I will most likely be getting a marble pair from yvonne chaban for 10$! THey are good quality, but she stopped working with marbles so they are cheap. They are fairly young to. I will get them on jan. 15. They are HMPK's!
Pics soon!


----------



## MrVampire181 (May 12, 2009)

You lucky booger.


----------



## shinybetta (Jul 3, 2010)

I'm picking them at the Golden State betta's meeting at Karen McAuley's house!


----------



## MrVampire181 (May 12, 2009)

Again you lucky booger! I'm picking up some fish from Linda Olson again soon...importing is easier for me than ordering through American breeders.


----------



## shinybetta (Jul 3, 2010)

Yah, I like living near breeders. It is better than shipping!
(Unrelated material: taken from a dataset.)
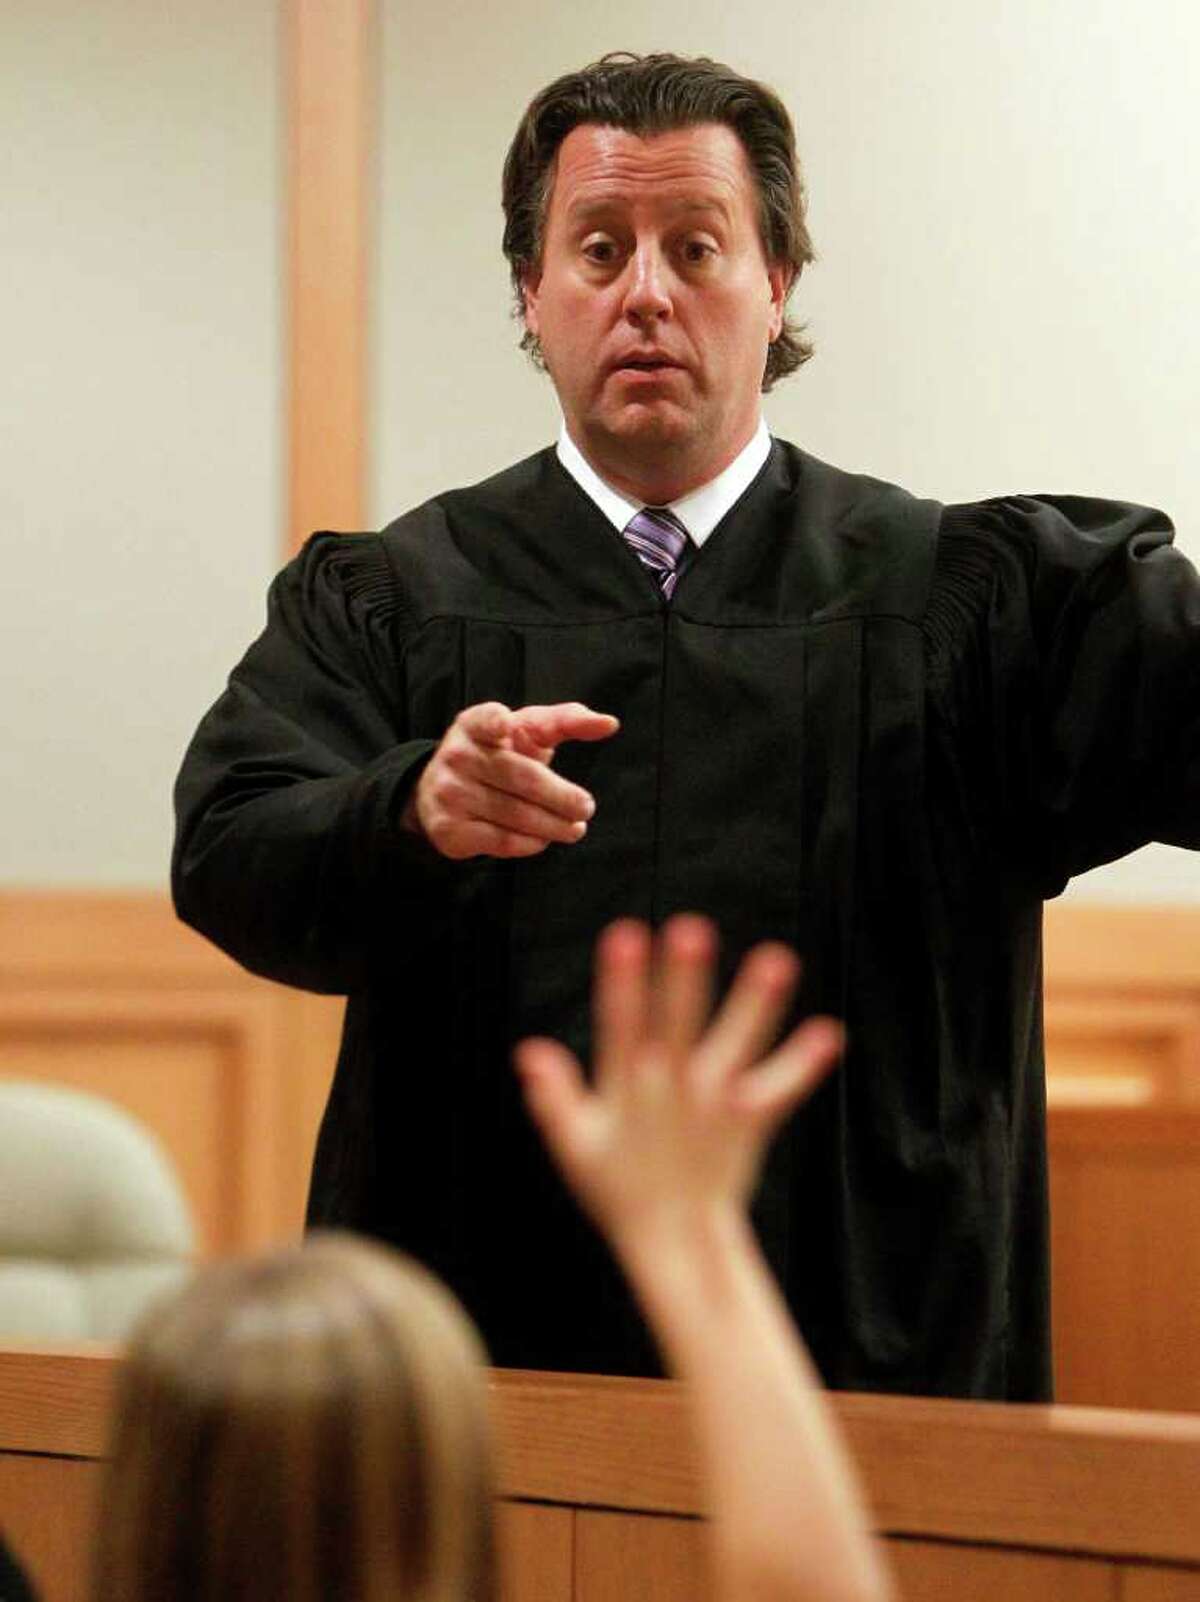 FOR USE MONDAY, JAN. 9 AND THEREAFTER - In this Dec. 15, 2011 photo, Judge Chris Oldner answers a question from a child during a mock court session at Collin County Courthouse in McKinney, Texas. The Collin County District Attorney's office and Children's Advocacy Center of Collin County have paired up to help take the fear out of testifying for children involved in felony cases. (AP Photo/The Dallas Morning News, Vernon Bryant) MANDATORY CREDIT; MAGS OUT; TV OUT; INTERNET OUT; AP MEMBERS ONLY

Hope you get nice fish!:-D


----------



## MrVampire181 (May 12, 2009)

I'm getting brothers to fish that died here...wish I wouldn't need to get replacement fish but it happens.

I live near 2 judges and a breeder...


----------



## bettalover2033 (Feb 17, 2010)

MrVampire181 said:


> I live near 2 judges and a breeder...


Talk about lucky booger! lol your the luckiest!


shinybetta said:


> I will most likely be getting a marble pair from yvonne chaban for 10$! THey are good quality, but she stopped working with marbles so they are cheap. They are fairly young to. I will get them on jan. 15. They are HMPK's!
> Pics soon!


Hey if you breed them, i would be interested in some fry.


----------



## shinybetta (Jul 3, 2010)

I will sell them to you. I plan on breeding them. I can't wait for pics.


----------



## bettalover2033 (Feb 17, 2010)

shinybetta said:


> I will sell them to you. I plan on breeding them. I can't wait for pics.


Okay sounds good!! I cant wait for pics!


----------



## Miharu (Dec 6, 2010)

Yay!! Congrats!! Can't wait to see pictures!!


----------



## bettalover2033 (Feb 17, 2010)

Can you at least explain their features?


----------



## shinybetta (Jul 3, 2010)

Well, I don't know anything about them. I will post pics when I get them. After I see the pics I will decide to buy or not buy. But yvonne said they were good quality.


----------